# Coolpad Quattro Not working after factory reset; unable to get past activation screen



## nani1896 (May 22, 2013)

So in my infinite curiosity (and stupidity), I somehow wound up deleting my stock dialer while trying to replace it with a new one, as setting the default dialer was not working. So to restore it I backed up my apps and data with Titanium Backup, and performed a factory reset on the phone. 
Much to my dismay, I was unable to get past the "Touch Android to begin" screen. I tap the android, and it makes the noise and lights up, but does nothing. I am able to change the language, so it isn't entirely unresponsive. I can't emergency dial either. I can connect my phone via USB and turn on USB storage as well. I have tried to bypass the screen, to no avail. I have also done factory reset several times. Is there any way i can fix this!?! I'm stuck with a vegetable for a phone at the moment! 
I have a Coolpad Quattro 4g.
I got it from Ebay ( I know, bad idea), rooted it (probably an even worse idea) and the last time I did a reset I had no keyboard and one of my friends with an iphone had to send me a keyboard app via bluetooth.

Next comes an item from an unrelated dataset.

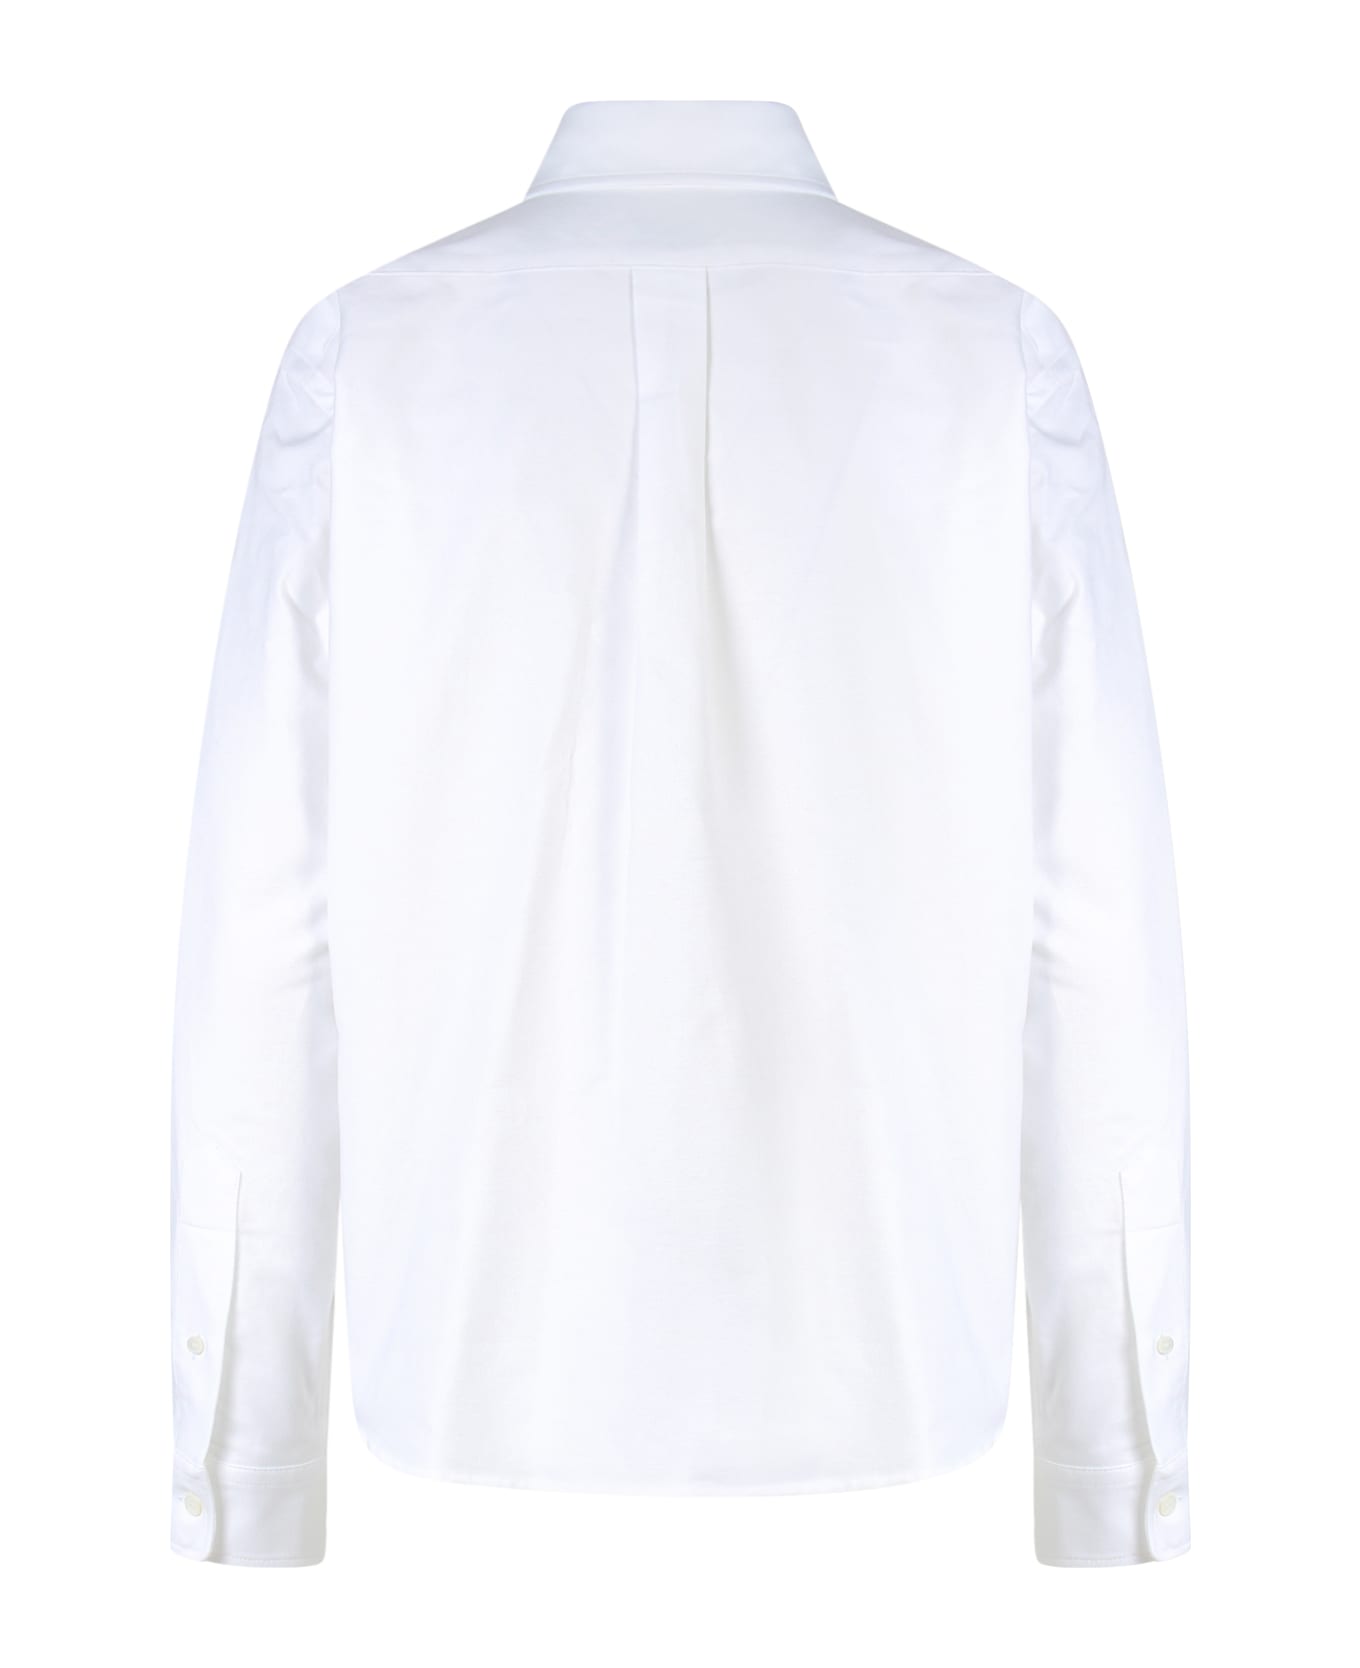 Kenzo Ml Shirt - White シャツ

Someone please help me! I have totally learned my lesson! I realize this phone isn't the best on the market, in fact it may be the worst, but it is for this reason why I shouldn't be trying so many new apps on it. It isn't very powerful, and has low internal storage. This is my first smartphone so I guess I got a little overwhelmed. If anyone could give me some insight as to what is going on I would really be grateful


----------



## joeten (Dec 4, 2008)

Hi you could try putting back the stock rom Coolpad Quattro 4G Root - Downloads


----------



## nani1896 (May 22, 2013)

Thank you so much!! A few days after I posted this I wound up going to Metro. Even a hard reset didn't fix it. They had to send it to the manufacturer. So they gave me a refurbished one. I downloaded the stock apps anyways just in case, I have been looking everywhere for them! Thanks again!


----------



## joeten (Dec 4, 2008)

Your welcome be careful if you try rooting it again maybe look at using odin,and this may be the makers site for your phone Google Translate
more info here on rooting and odin Quattro 4G: All Things Root Guide - Android Forums


----------